Ken Poonoosamy, CEO, Economic Development Board (EDB) Mauritius, reveals why the island nation is ahead of the competition in diverse future-focused industries.

  

Could you share your views on the evolution of Mauritius’ economy over the last decade, its resilience and the Economic Development Board’s (EDB’s) strategic role in fostering a competitive and innovative business landscape?

The transition of Mauritius from a mono-crop economy—almost entirely reliant on the sugar sector in its early post-independence years—to a well-diversified economy is the result of our leaders’ clear vision for transforming challenges into opportunities. The preferential market access conferred to Mauritius under 2000’s Cotonou Agreement between the European Union and the African, Caribbean and Pacific Group of States was a game changer for our country, as it provided guaranteed markets to investors and led Mauritius on a transformative journey with the development of key economic pillars.

Good governance, a highly qualified multilingual workforce, socioeconomic stability and astute policymaking are also underlying factors that have further contributed to higher levels of economic growth, welfare and social cohesion. Over the years, this landscape has continuously evolved to ensure that Mauritius remains at par with and even ahead of the competition. Its diversified economic base has also enabled Mauritius to remain resilient in the face of exogenous global shocks and to bounce back stronger.

For this reason, the EDB thinks in strategic terms of being ‘in time for the future’. We actively plan for success and monitor what new economic perspectives would make the most of the country’s unique strengths and, at the same time, mitigate the effects of its shortcomings. We set the conditions by continuously improving the business climate to make sure investments and export earnings keep flowing this year and the years after.

A rebalancing of the global economy is already taking place. Emerging economies, especially those in Asia and some in Africa, are expected to grow in terms of their share of global production and consumption. Asia and Africa will be both a significant production base as well as a growing market for goods and services. Advanced economies will still remain important, however, due to their technological edge and large share of global gross domestic product today.

Mauritius is well positioned to appreciate the implications of these challenges and to seize the new growth opportunities that may arise. Our effort has been to maintain and enhance our business-friendly environment, open economy, trusted brand and strong rule of law. In addition, we want to remain swift and nimble in building new capabilities, both in existing sectors and in new areas. The continual upgrading of the country’s economy over the past four decades has given us a strong foundation to make the next transformation and to build strategic flexibility as future opportunities become clearer.
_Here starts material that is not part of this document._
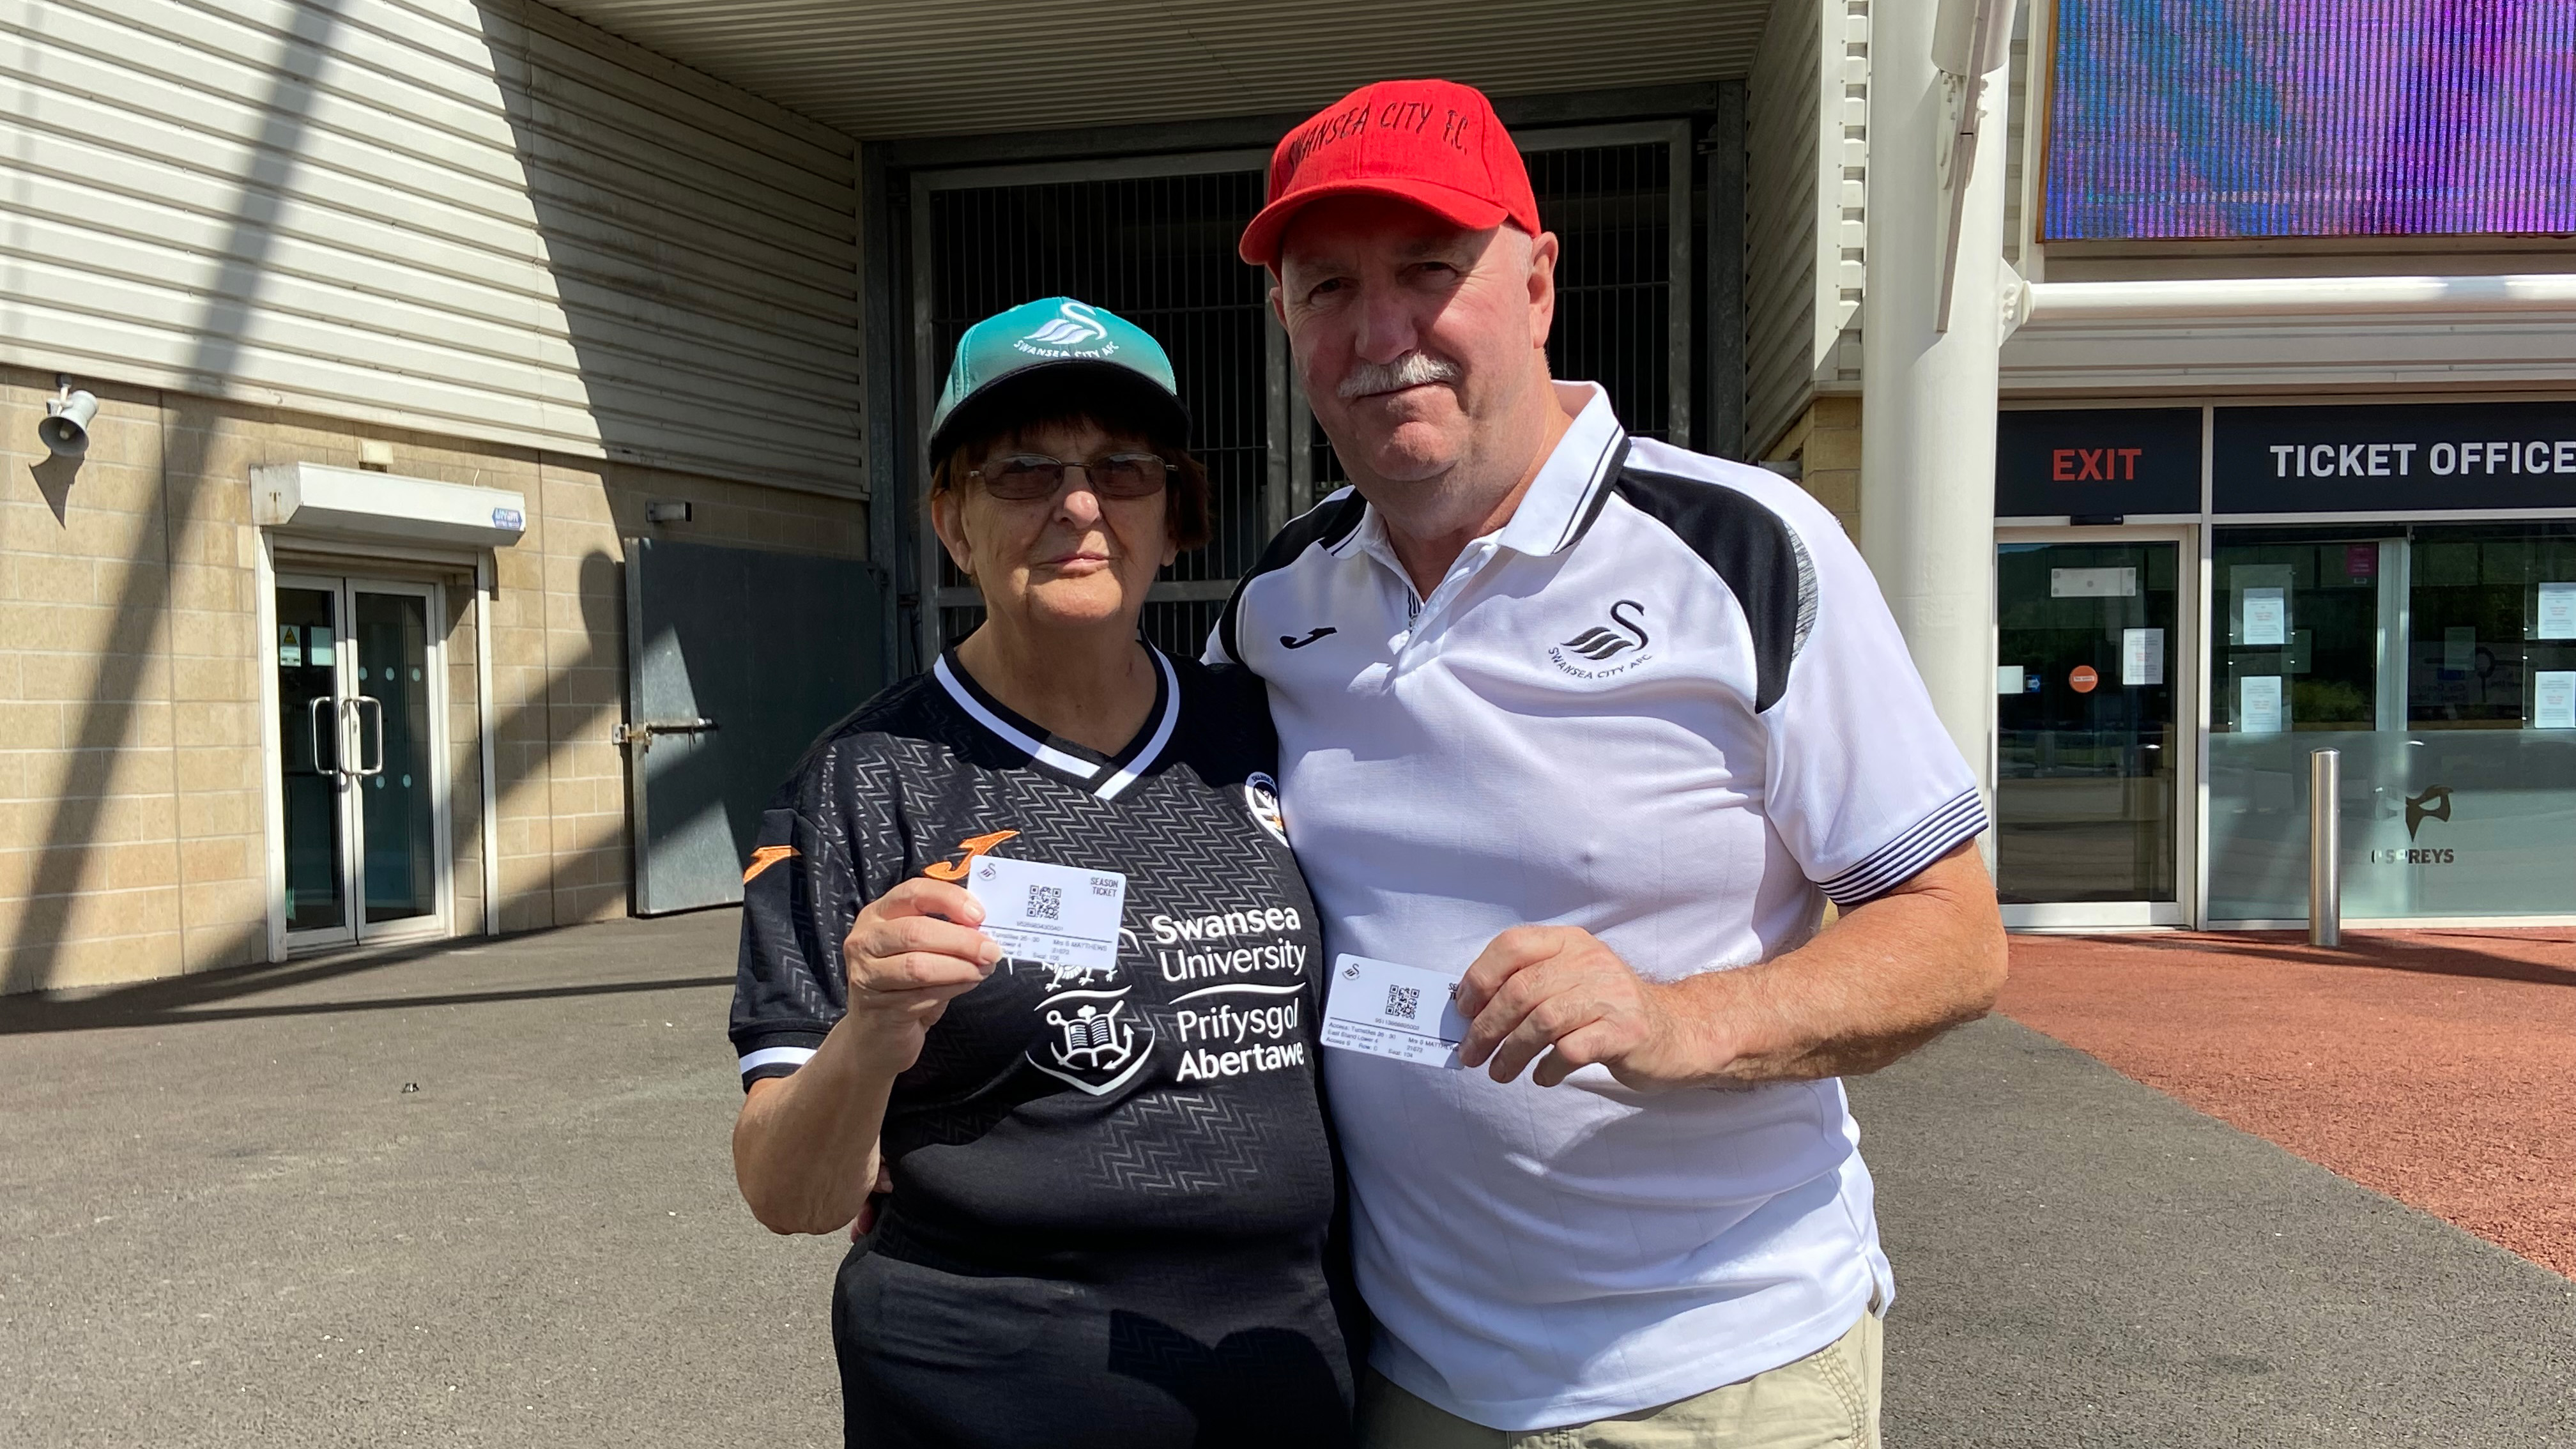 Sue and her husband with their 2022-23 season tickets

Our sectoral strategies for fostering a competitive landscape are mainly premised on the following:

  • In the manufacturing sector, to have a new industrial orientation by moving up the value chain, capturing part of the manufacturing share of African imports and harnessing innovation and technology. It also involves identifying niches where Mauritius can have a comparative advantage, such as jewelry, medical devices, pharmaceuticals and other areas.
  • In the agro-industry, to move from a sugar sector to a cane industry and to bring transfer of technology in food-crop productions in order to reduce dependency on imports.
  • For the ICT-digital economy, to attract investment and talents in new technologies like blockchain, the Internet of Things and artificial intelligence (AI). We also aim to help grow these markets with a set of export-readiness actions that will support multiple companies to embark on technology projects and implement the latest technologies into their operations across data analytics, machine learning, AI, cybersecurity and robotic process automation.
  • In the tourism sector, we have a target to increase tourist arrivals year on year, to develop international branded hotels and to focus on high-value products such as meetings, incentives, conferences and exhibitions; medical tourism; and marina development.
  • Additionally, we are looking to help transform Mauritius from a small island developing state to an ocean state with the implementation of innovative projects related to the ocean economy.
  • In the financial services sector, we are positioning Mauritius as a location of choice and a hub for regional-headquarter activities in Africa that provides a full range of services for the funds industry, including fund administration, stock exchange listing, legal, tax, audit, compliance and consultancy services. Mauritius has a new comprehensive legislative framework—the Virtual Asset and Initial Token Offering Services Act of 2021—which will regulate the new and developing business activities of virtual assets and initial token offerings by operators as fintech develops in the country.
  • In the creative sector, we aim to move into post film production and enter into strategic alliances to create export-orientated local content that will develop our film industry. We also intend to explore the potential of developing Mauritius as a media city.
  • In real estate development, our pursuit is to attract, facilitate and accelerate the implementation of projects to make Mauritius a livable and sustainable city, and to adopt an integrated long-term approach to infrastructure and land use planning that will be key to ensuring Mauritius becomes a business and financial hub with the right lifestyle to be a global hub for trade, visitors, retirees, talent, innovation and investment.
  • For education services, we are giving significant focus to attracting international primary and secondary schools as a means to improve the position of Mauritius for expatriates choosing a regional location, while at the same time attracting world-class international universities targeting African students.
  • Another goal is to accelerate the development of Mauritius’ biotech industry, with the objective of creating an enlarged cluster that could service the agricultural, industrial, marine, environmental and medical sectors.
  • We also intend to create a new ecosystem to set the wheels in motion for new sectors, in particular the silver and sports economies, which have the potential to generate substantial export revenues.

Newly negotiated trade agreements under the Comprehensive Economic Cooperation and Partnership Agreement (CECPA) with India, a free trade agreement (FTA) with China and the adherence of Mauritius to the African Continental Free Trade Agreement (AfCFTA) are key instruments that will serve to bolster market access, exports and investment and drive our growth strategy.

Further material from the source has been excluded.